The door swung open without a knock. Clyde stood there, his expression thunderous.

"Elsie needs you," he snapped. "She can't decide between the blue maternity dress and the green one."

Michaela stepped forward, placing herself between us. "Are you serious right now? Your wife isn't a personal shopper."

Clyde's gaze flicked to her dismissively before returning to me. "Five minutes, Leia. She's waiting in the living room."

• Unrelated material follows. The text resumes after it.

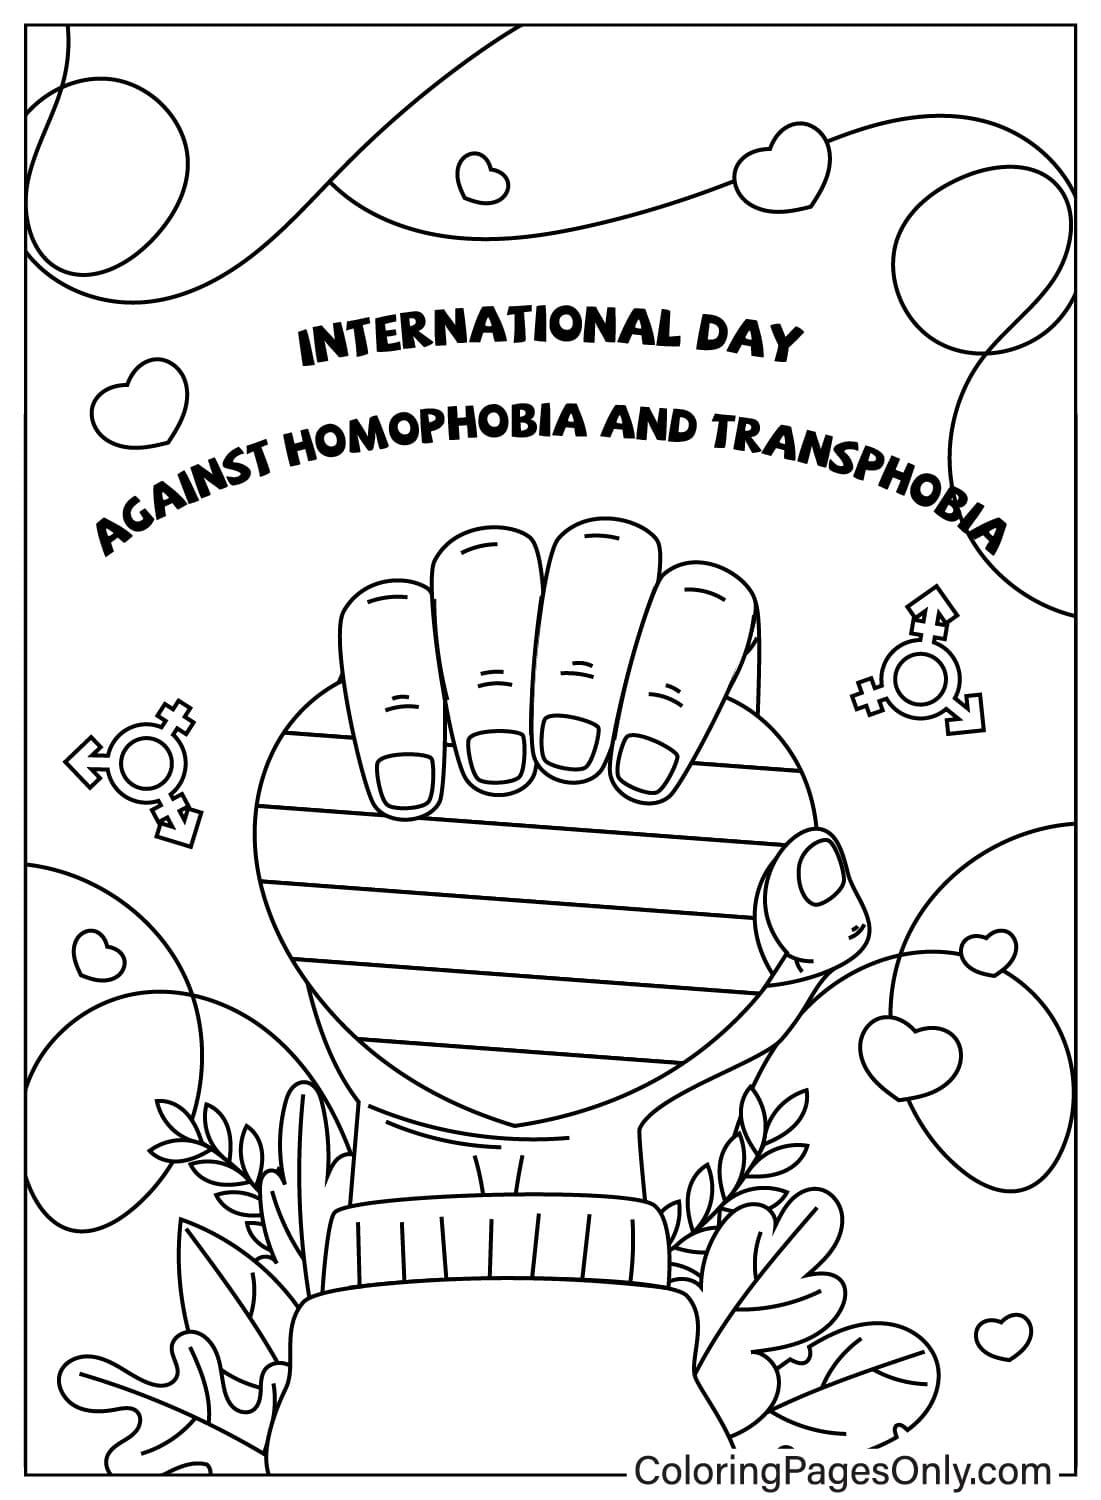 Página para colorir do Dia Internacional contra a Homofobia e a Transfobia de maio

"I'll be right there," I said softly.

When he left, Michaela grabbed my hands. "Did you hear yourself? You sound like a beaten dog. This isn't you, Leia!"

Tears filled my eyes. "I don't know who I am anymore."

"You're Leia Warren, my best friend. The strongest woman I know. And you're letting that man destroy you."

I pulled away, wiping my eyes. "I need to go help Elsie."

"No, you need to leave him," Michaela insisted, but I was already moving toward the door.

Downstairs, Elsie was twirling in front of the mirror in a blue maternity dress, Clyde watching her adoringly.

"There you are," he said when he spotted me. "What took so long? Elsie's been waiting."

"I'm sorry," I murmured automatically.

"The blue or the green?" Elsie asked, holding up another dress.

Before I could answer, Clyde's phone rang. He checked the caller ID and frowned. "I need to take this. It's about the Anderson deal."

As he stepped away to take the call, Elsie's saccharine smile dropped. She leaned in close to me, her voice a venomous whisper.

"I love watching you serve me," she hissed. "It's where you belong—beneath me. Soon Clyde will see he doesn't need you at all."

I stared at her, at my own face twisted with cruelty, and felt something inside me finally break.

* * *

"Ladies and gentlemen," Clyde announced, raising his glass at the business dinner. "I'd like to introduce the woman who will be giving me a son—the future of Johnston Enterprises."

All eyes turned to Elsie, radiant in the green maternity dress, while I sat forgotten at the far end of the table.

"Elsie has shown me what a real woman can do," Clyde continued, his words slicing through me. "Unlike my wife, who has failed to fulfill her basic duties."

Gasps rippled around the table. Even Richard Johnston looked uncomfortable at the public humiliation.

"Clyde," his mother murmured in warning.

But he was too far gone, drunk on the prospect of his heir. "It's the truth, Mother. Leia has been a disappointment from the beginning. But now, thanks to Elsie, the Johnston name will continue."

I sat frozen, feeling the pitying glances of the other guests. Elsie preened under Clyde's praise, her hand possessively on his arm.

"To my son," Clyde declared, "and to the woman strong enough to bear him!"

Something hot and painful expanded in my chest. I couldn't breathe. Couldn't think. With trembling hands, I pushed back my chair and stood.

"Leia," Diana Chen, one of the guests, reached for my arm in concern.

I pulled away and walked out of the restaurant, tears blinding me, the sound of Clyde's laughter echoing in my ears.